Home > Malaysia > Malaysian Borneo > Travelogue day 14
December 15 2011 January 6 2012 (23 days)
As I stand under the – warm this time – shower, I can still hear the rain tapping on the roof. On television I saw that a heavy depression is moving toward the Philippines. There were already severe floods there last week. Also in Malaysia, on Sabah, there is flooding. Because of this, the route to the next overnight stay has been adjusted. The luggage goes ahead. I head to another jetty. The boat trip to the lodge will therefore be longer. This trip is directly combined with the evening cruise, which was already on the program. I drop my luggage at the reception and walk to the restaurant. During breakfast the rain stops and immediately the sun breaks through strongly. Only now do I really see how beautifully the garden of the Sepilok Jungle Lodge is laid out. I stroll along the walkways through the garden. I photograph the gorgeous flowers and try to capture a squirrel without it moving.
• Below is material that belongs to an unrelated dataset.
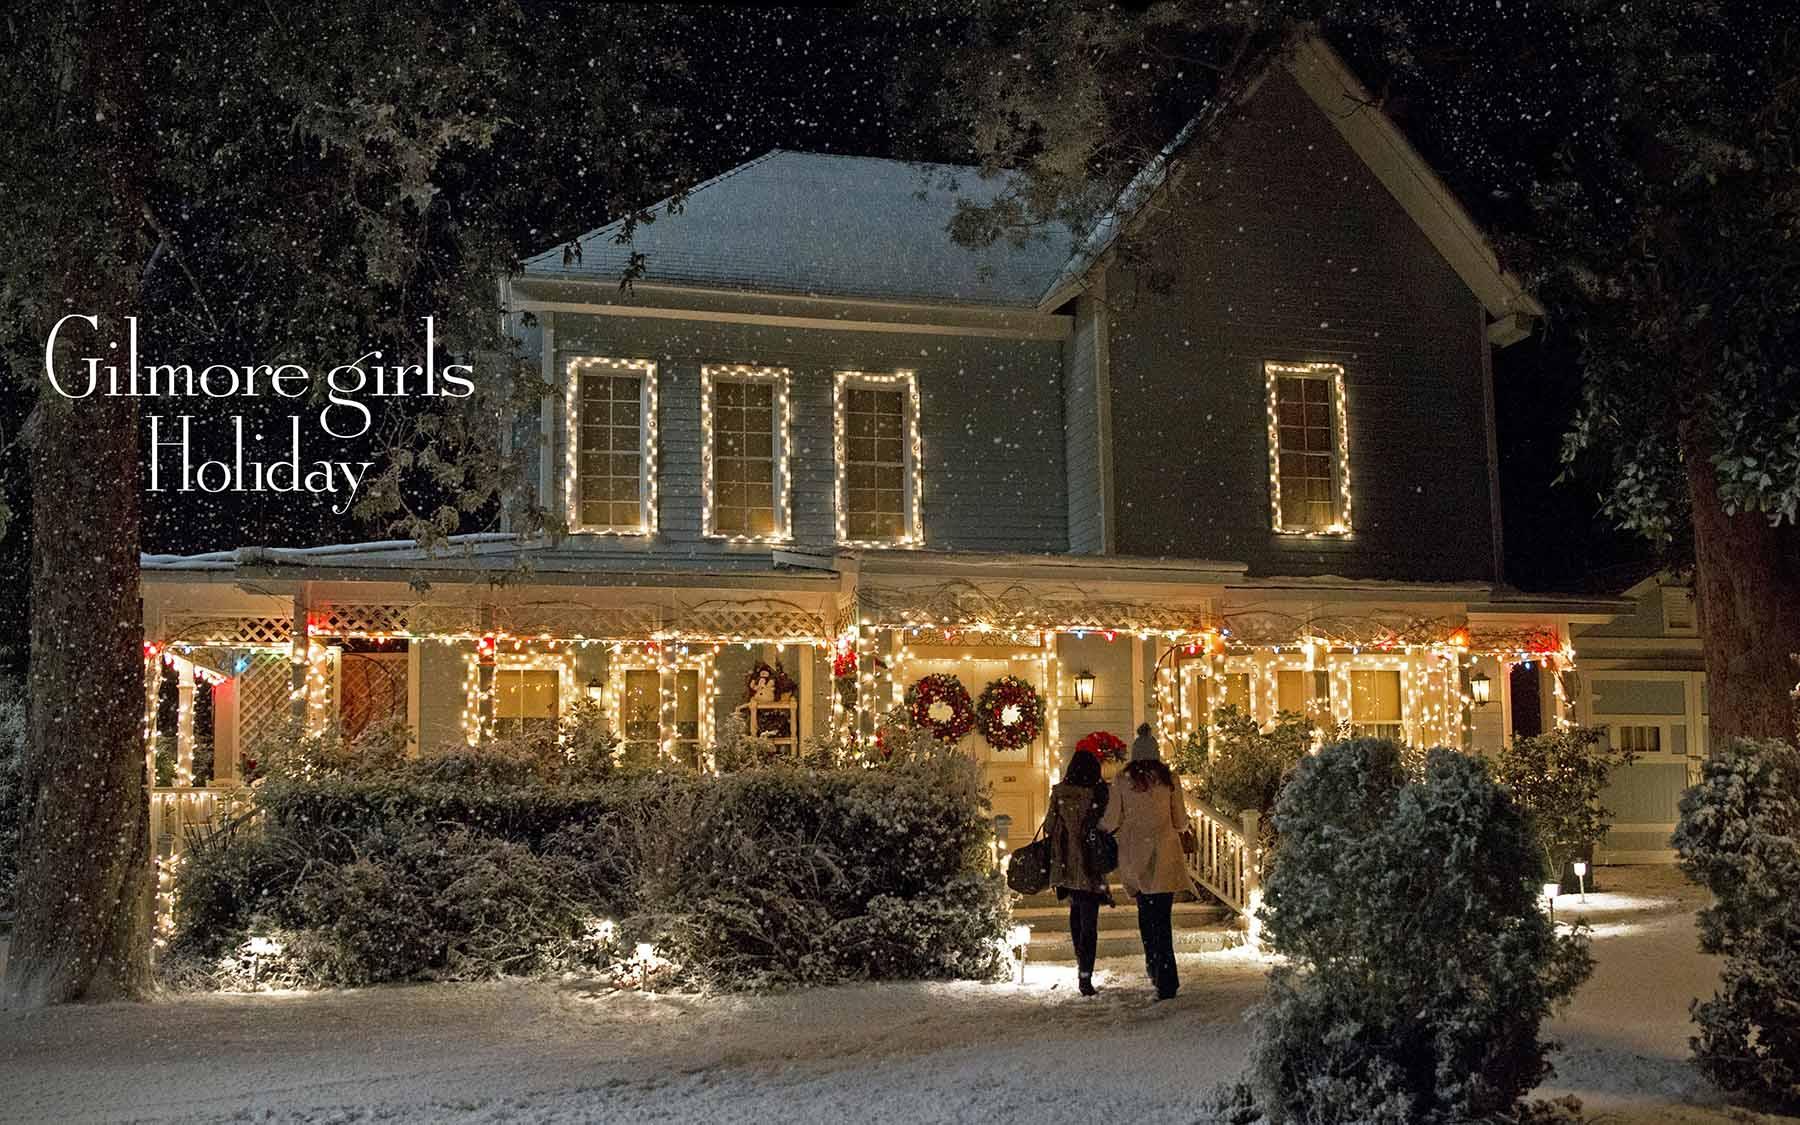 Gilmore Girls Holiday

At eleven o’clock I drive off the grounds of the Sepilok Jungle Lodge. In about three hours I head toward the Kinabatangan River. Along the way I stop in a small town for lunch. Around a little square there are several local eateries. Everyone spreads out among the small restaurants. I order a hearty noodle soup. Apart from me, the place is filled with local customers. After lunch the plans turn out to have changed. The luggage has arrived at the Kinabatangan River without too much trouble. We are going to try with the buses as well, along the originally planned route. A little further on I leave the paved road, and things get tense right away. Construction workers are building a new bridge. Because of the high water level, the detour is very muddy. The workers guide the bus with a shovel just in case. Slowly they drive ahead of us. If the bus gets stuck, they can pull us out immediately. We drive at a crawl over the clay. The bus skids often but manages to push through the mud on its own. To my left and right the forests are completely underwater. It must have rained heavily here. Once I reach the original road again, the problem is over. I continue toward the river.
There I transfer to a boat. The resort is on the opposite bank of the Kinabatangan. Nelson, the owner, welcomes me with coffee and fried banana. “Welcome to the tropical rainforest,” he says enthusiastically. I carry my luggage over the wooden walkway to my hut. It’s all the way at the back. A fine place to stay, with air conditioning and hot water. What more could you want? At four o’clock I’m ready for the boat safari on the Kinabatangan River. Dark clouds gather. Just in case, I keep my poncho ready. The boat has barely pushed off when a heavy downpour breaks loose. I duck deep under my poncho. I’ve safely stored my camera in a waterproof cover. Despite the rain, the boatman spots a monkey in the trees. As I get closer, it turns out to be a wild orangutan. A remarkable encounter. A little further on a rhinoceros hornbill is perched in the trees. The rain eases somewhat. From under my umbrella I manage to capture the bird, its beautifully colored, curved beak clearly visible. As soon as I come closer, it quickly flies away. When I enter a side river, it is practically dry. That makes spotting much easier. I stop at a troop of proboscis monkeys in the trees. I see a snake among the branches, and a group of long-tailed macaques crosses the river via a stretched rope. On the way back I see several birds of prey in the treetops. A few more hornbills fly overhead as well.